Мне-то чего, я на толстом сенном матрасе да под ватным одеялом. Потому только голову повернул набок, в просвет под занавеской гляжу на своего хозяина-колдуна.

Наблюдаю.

Гость шагнул в избу, притворил дверь. Морозный воздух хлынул к окнам, торопливо огибая неподвижную фигуру на табурете. Хозяин мой, как сидел, так и остался – ресницей не дрогнул. Знай, дырявит взглядом злополучное бревно. Я тоже молчу, – а ну как там участковый или кто из сельсовета? Дыхание притаил. Пускай, мыслю, тот, кого принесло, думает, что меня совсем дома нет. Пускай, соображаю, думает, что я в лес ушёл или в магазин за хлебом. Лежу себе, пришипился. Хотя по походке, дыханию и манерам уже почти догадался, что гость этот утренний – Ездаков. Тот самый сосед, единственный, кстати, на все Выселки, которому я вчера помогал колоть телёнка.

Да ведь бережёного и Господь бережёт, а не бережёного конвой стережёт, потому лежу, молчу.

– Слышь-ка, Юр, – сказал пришелец ездаковским голосом вместо приветствия, – глянь каку я нашёл штуку.

Колдун сморгнул и повернул голову. Я тоже, осторожно, чтоб не скрипнули доски полатей, выглянул вниз. Там и вправду стоял Ездаков и держал в руке каменюку величиной с ребячий кулак.

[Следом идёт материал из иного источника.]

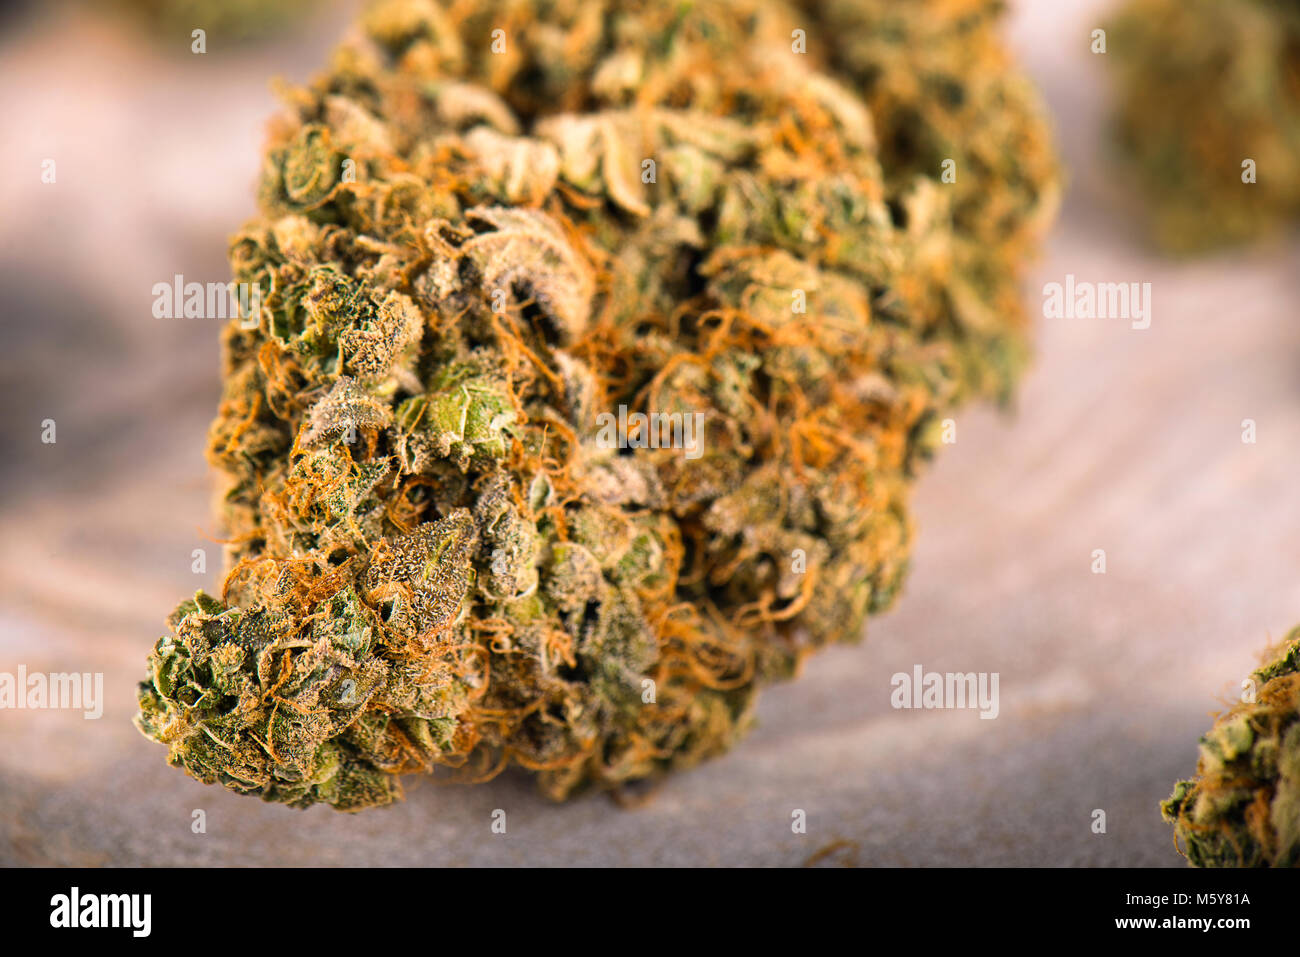 Makro Detail von Cannabis bud (Tag Träumer Belastung) mit sichtbaren Trichome - medizinisches Marihuana Dispensary Konzept Stockfoto

Впрочем, сейчас, самое время увести наше повествование чуть в сторону и поведать с самого начала историю этого камня и связанных с ним ездаковских волнений.

***

В последнее время стал примечать Василий Григорьевич Ездаков в своем хозяйстве некоторое беспокойство. Хотя если уж быть точным, то, пожалуй, наоборот: не беспокойство, а порядок. Не тот порядок, когда всё по ниточке и ранжиру, а совсем другой. Покой и чинность какие-то появились, во всём хозяйстве, вернее то самое, что называется старинным словом лад.

Возьмём для примера грабли. Раньше Ездаков на них раз в неделю наступал обязательно. И получал точно так же регулярно. Когда по лбу, когда по уху, а повезёт, так и по носу. Поднимет, бывало, инструмент, поставит в угол, нет, вскорости опять на полу валяются. Опять на лбу шишка, ухо пельменем или нос всмятку. А тут, который месяц висят грабли на стене и под ноги не попадаются.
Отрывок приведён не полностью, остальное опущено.